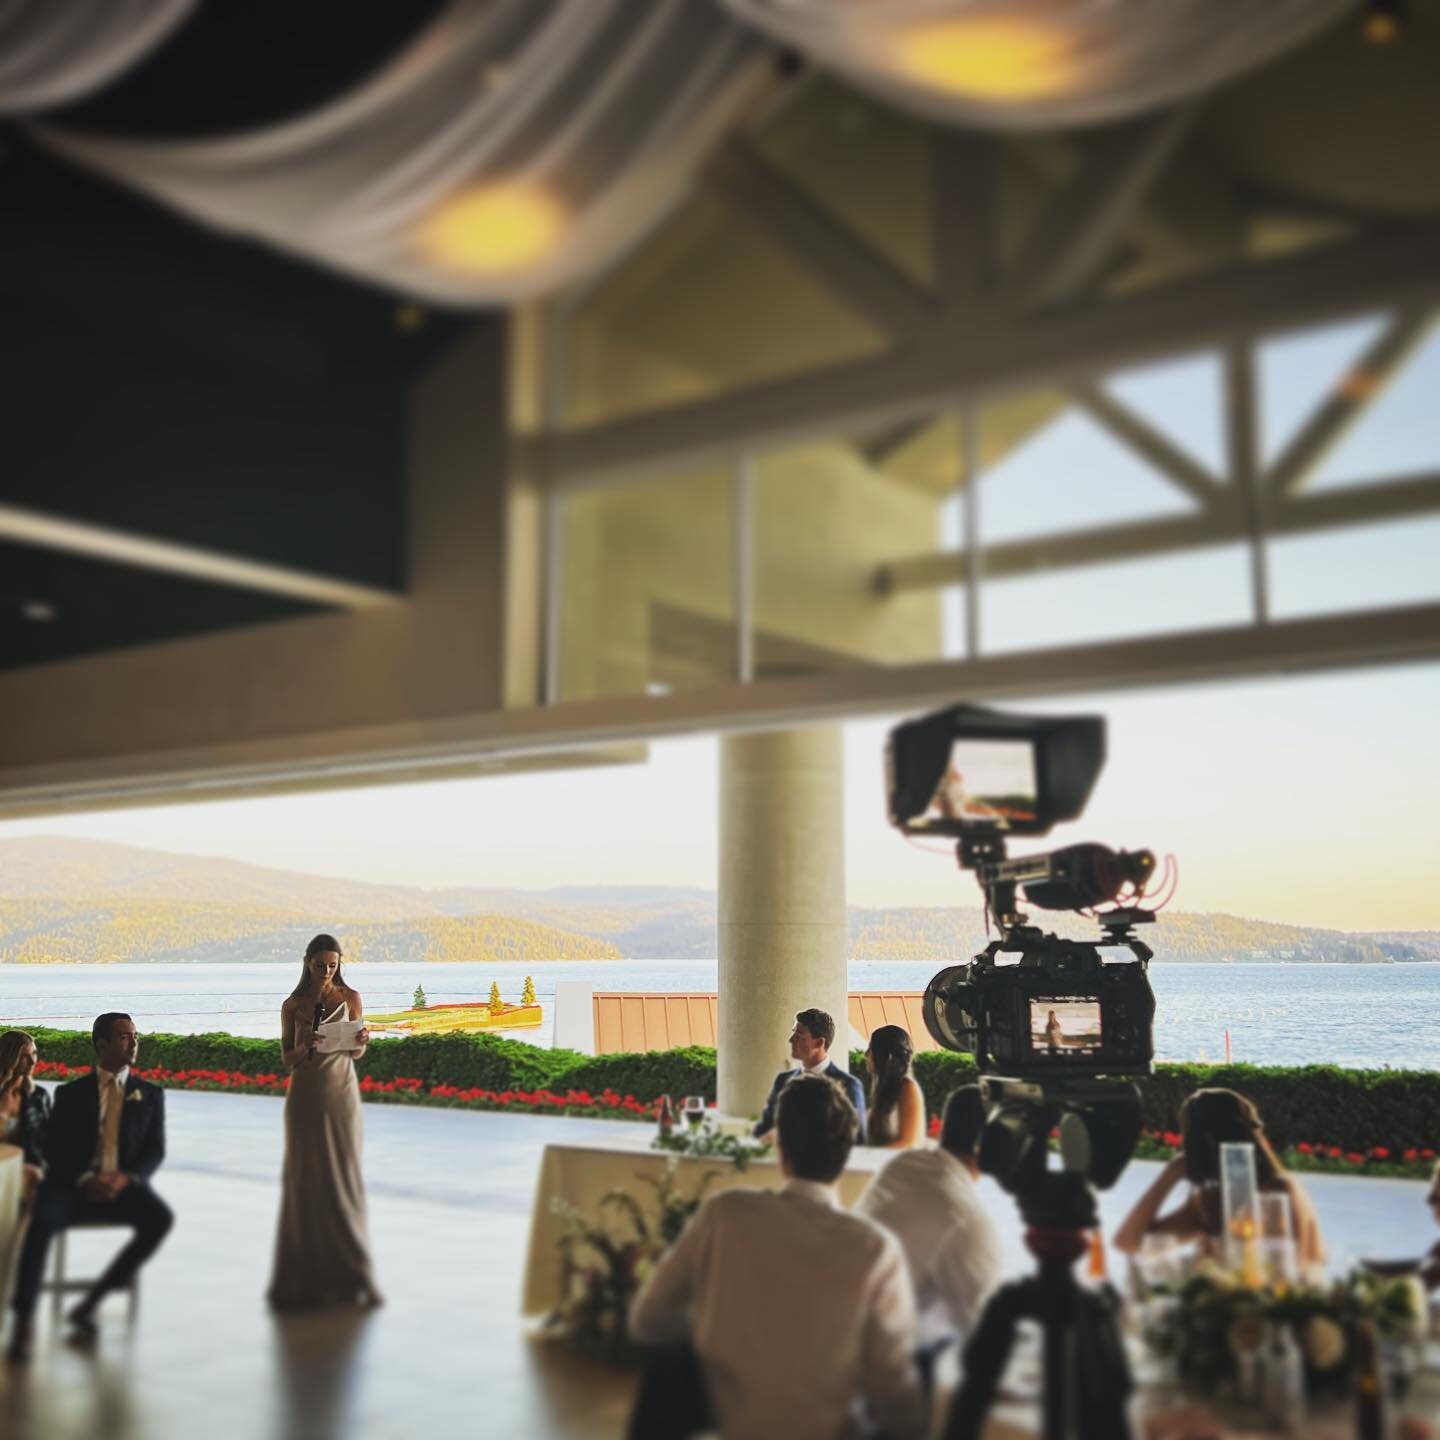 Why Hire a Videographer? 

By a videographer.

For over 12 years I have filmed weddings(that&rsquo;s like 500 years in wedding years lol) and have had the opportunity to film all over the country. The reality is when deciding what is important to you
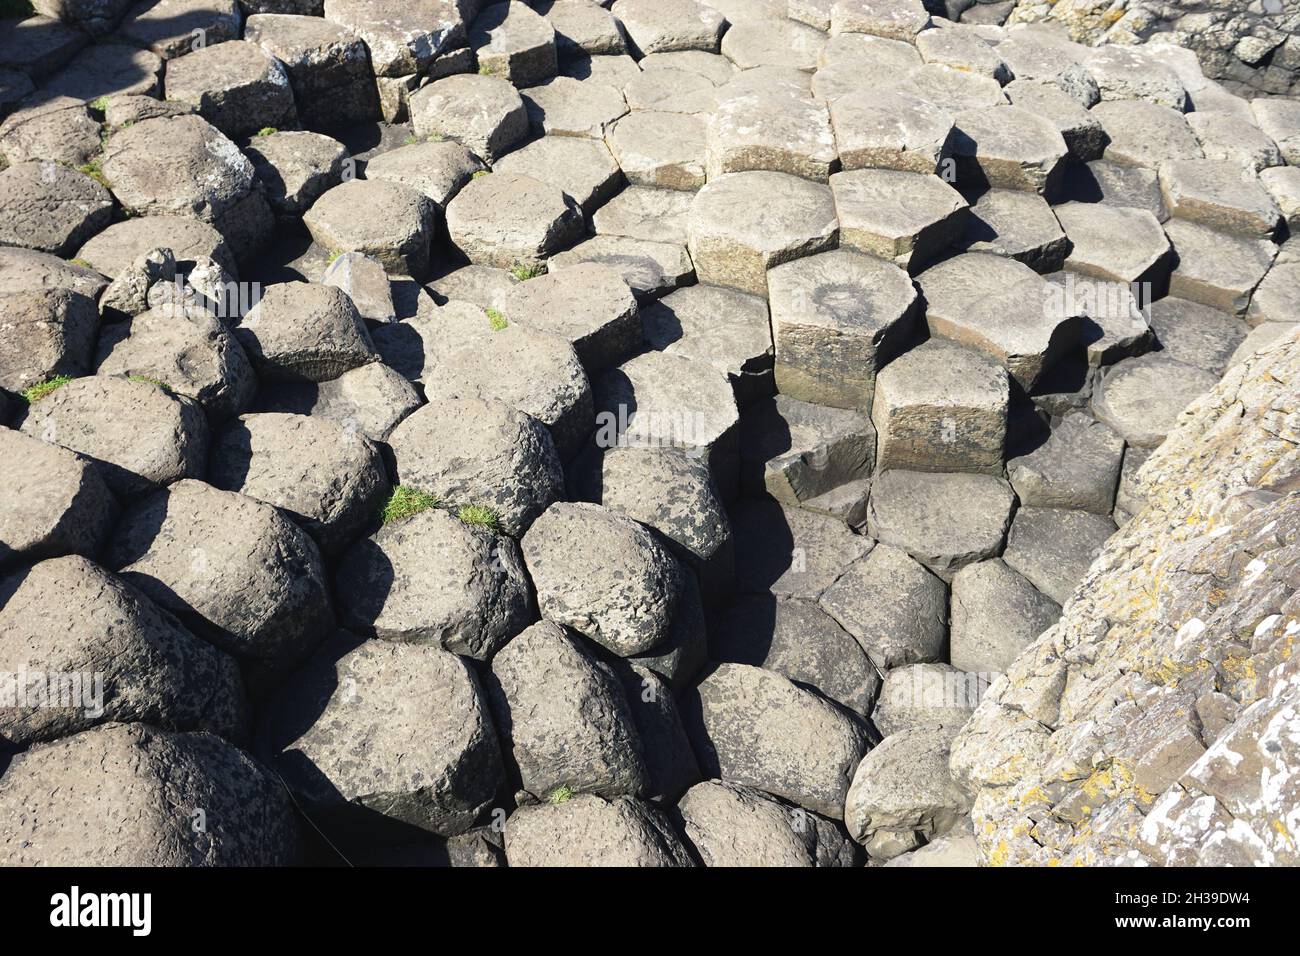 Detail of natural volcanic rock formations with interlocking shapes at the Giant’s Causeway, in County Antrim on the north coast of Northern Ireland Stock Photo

- **Instructions to follow**: What is needed here is an exact repetition of the listing above, pictures excluded.

- **The completed task**:
 Why Hire a Videographer? 

By a videographer.

For over 12 years I have filmed weddings(that&rsquo;s like 500 years in wedding years lol) and have had the opportunity to film all over the country. The reality is when deciding what is important to you
 Detail of natural volcanic rock formations with interlocking shapes at the Giant’s Causeway, in County Antrim on the north coast of Northern Ireland Stock Photo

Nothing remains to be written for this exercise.